In Bulgaria, during these 30 years, formations and activists of the right contested in principle

the right of the Left to participate in the debate

to propose policies, to govern. This is the most important reason for national transition failures.
The Constitution was evaluated both at the beginning and later “as a whole”, as a document of institutionality, compiled by some political forces – its signatories. Therefore, it was accepted as a political project with the suspicion that a text was created that went against the interests of other political trends. The new ideas that entered it gave the Bulgarian people numerous opportunities for democratic action that people in other Western societies have received after decades of hard debates and sharp socio-political struggles. And there they learned to value and protect them, while in our country many people perceived them somehow as “dropped down from above”, “for free”, created as if by themselves. New ideas of state law are created in the course of debates, contestation and inevitable clashes.

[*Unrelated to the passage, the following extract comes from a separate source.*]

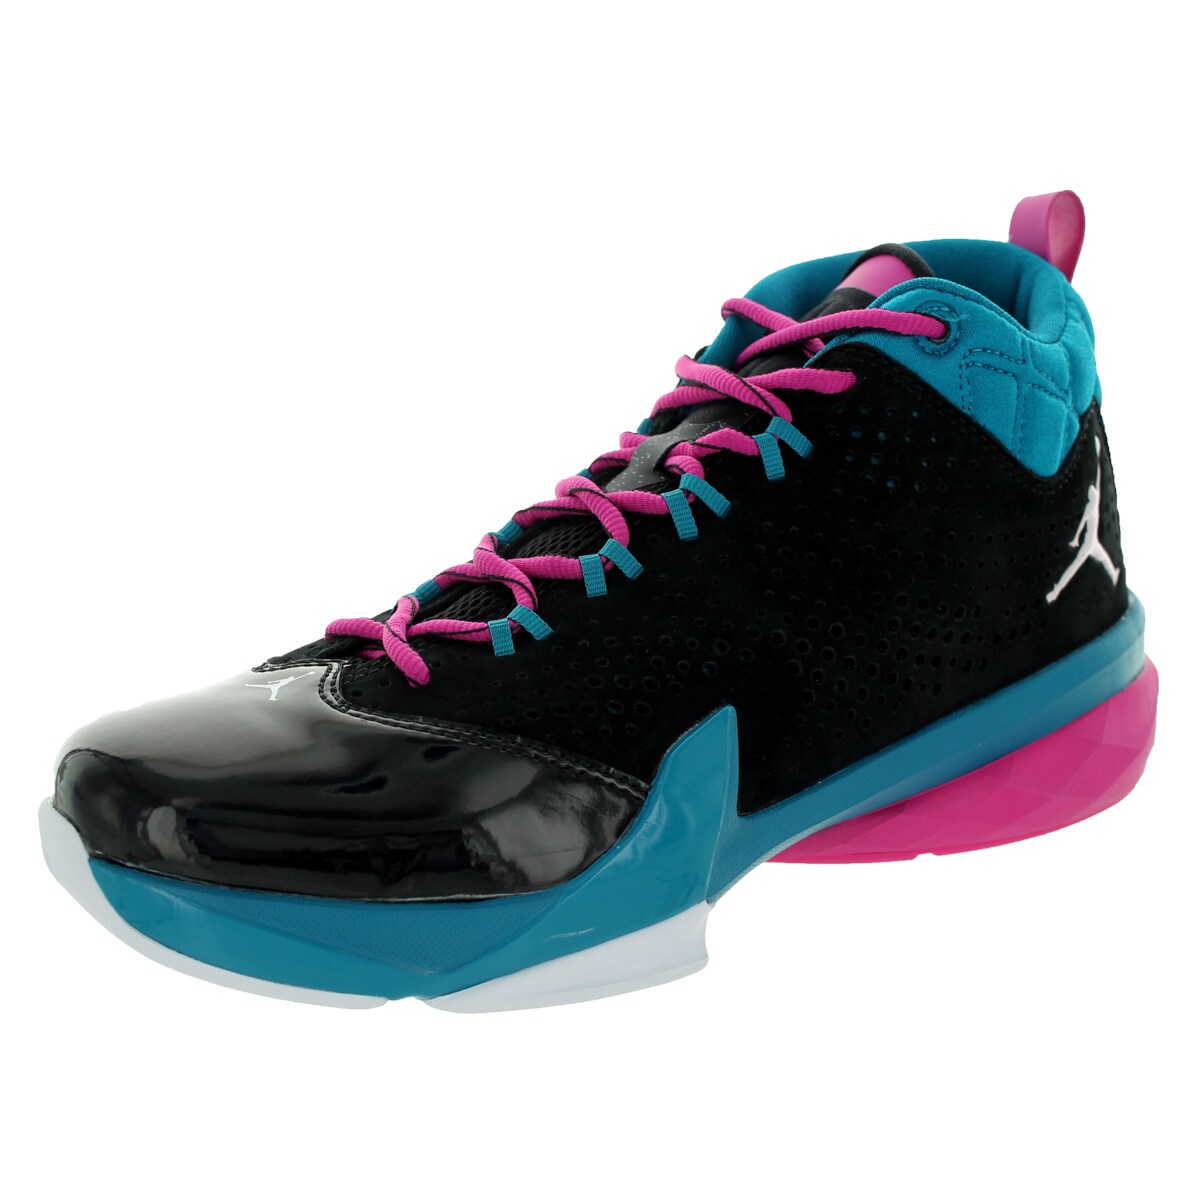 black and teal basketball shoes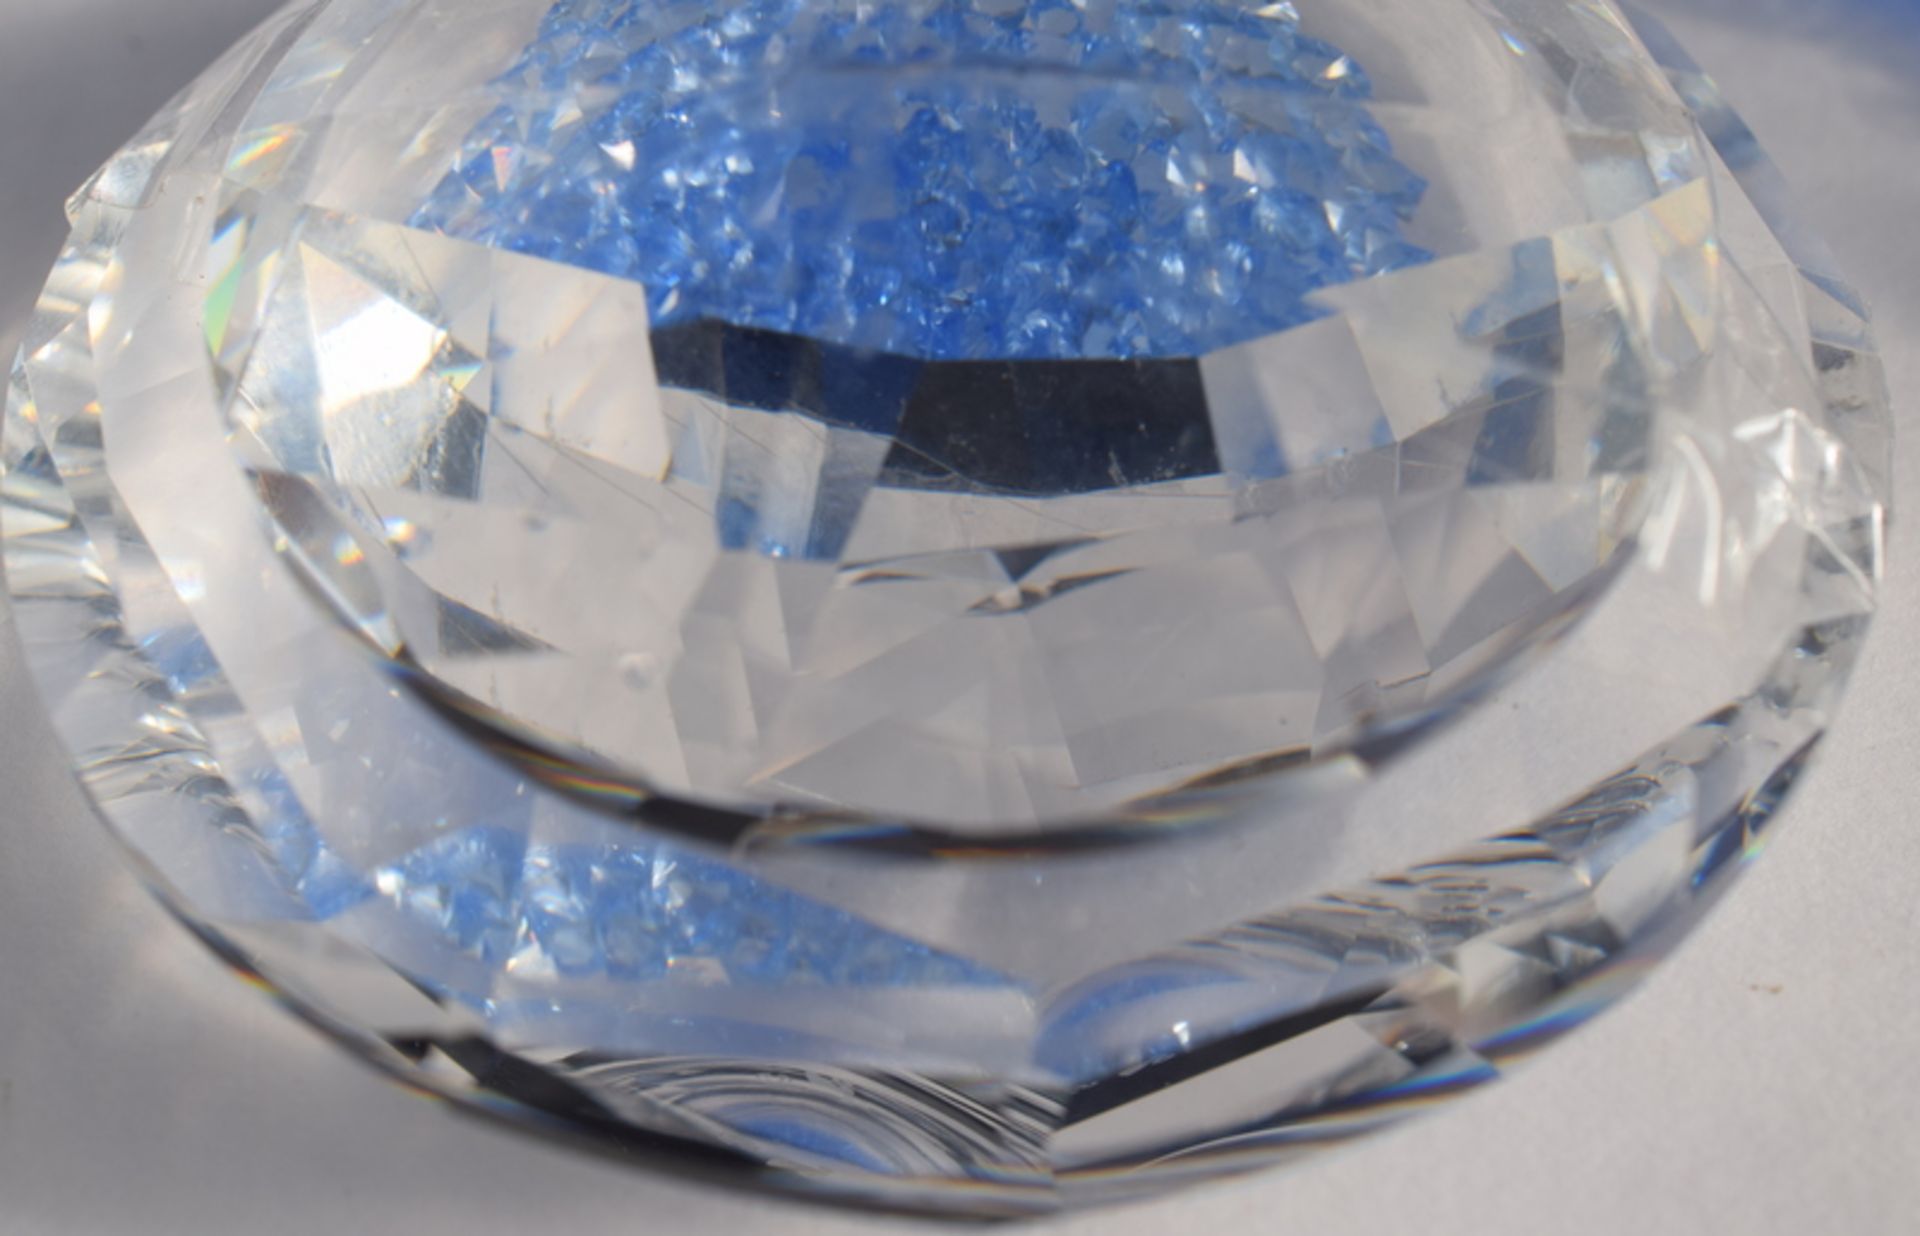 Swarovski Lidded Container With Blue Crystals - Image 3 of 4

The radical right in Bulgaria has built a regime of intolerance towards all leftist and patriotic positions, if it has not previously conquered them institutionally.
Using the novelty of ideas as a coherent explanation of whether or not they will take hold does not answer the question of how new ideas themselves came about (by themselves) and why old ideas fail. This is part of the reasons for today’s drama of constitutionalism in Bulgaria, and of Bulgaria itself. The political success – the adoption of the Constitution – was not developed into a civil success. Venomous anti-constitutionalism was not born with the hunger strike, but it gave it an unsuspected power. The creation of the current Bulgarian Constitution is a practical lesson for our society on how democracy actually functions. Not as a counterpoint, but to outline contemporary realities, I will quote a statement by the esteemed Henry Kissinger, a great realist diplomat. Years ago, he gave instructions: “We will do the illegal things immediately, for the unconstitutional things we will need a little more time.”
Anti-constitutionalism is

social vice

at least as dangerous as criminal crime. However, the public interest and public judgment on a number of unconstitutional acts are much more lenient than on trivial offenses. This is a paradox that needs to be understood. People are sensitive to the outrages that the neighbor or the mayor does, but as a rule it is difficult for them to grasp unconstitutionality as an excessive trampling of the legal order. Moreover, unconstitutional actions are often publicly justified with dubious grounds of (illegal) “expediency”.
The hunger strike of 1991 failed, but it damaged the entire transition. It established a spirit of legal nihilism, which, combined with the media overdominance of the radical right, gained stability and did not meet the due public and legal resistance. And who lied to us that constitutionalism and democracy would be achieved without a struggle?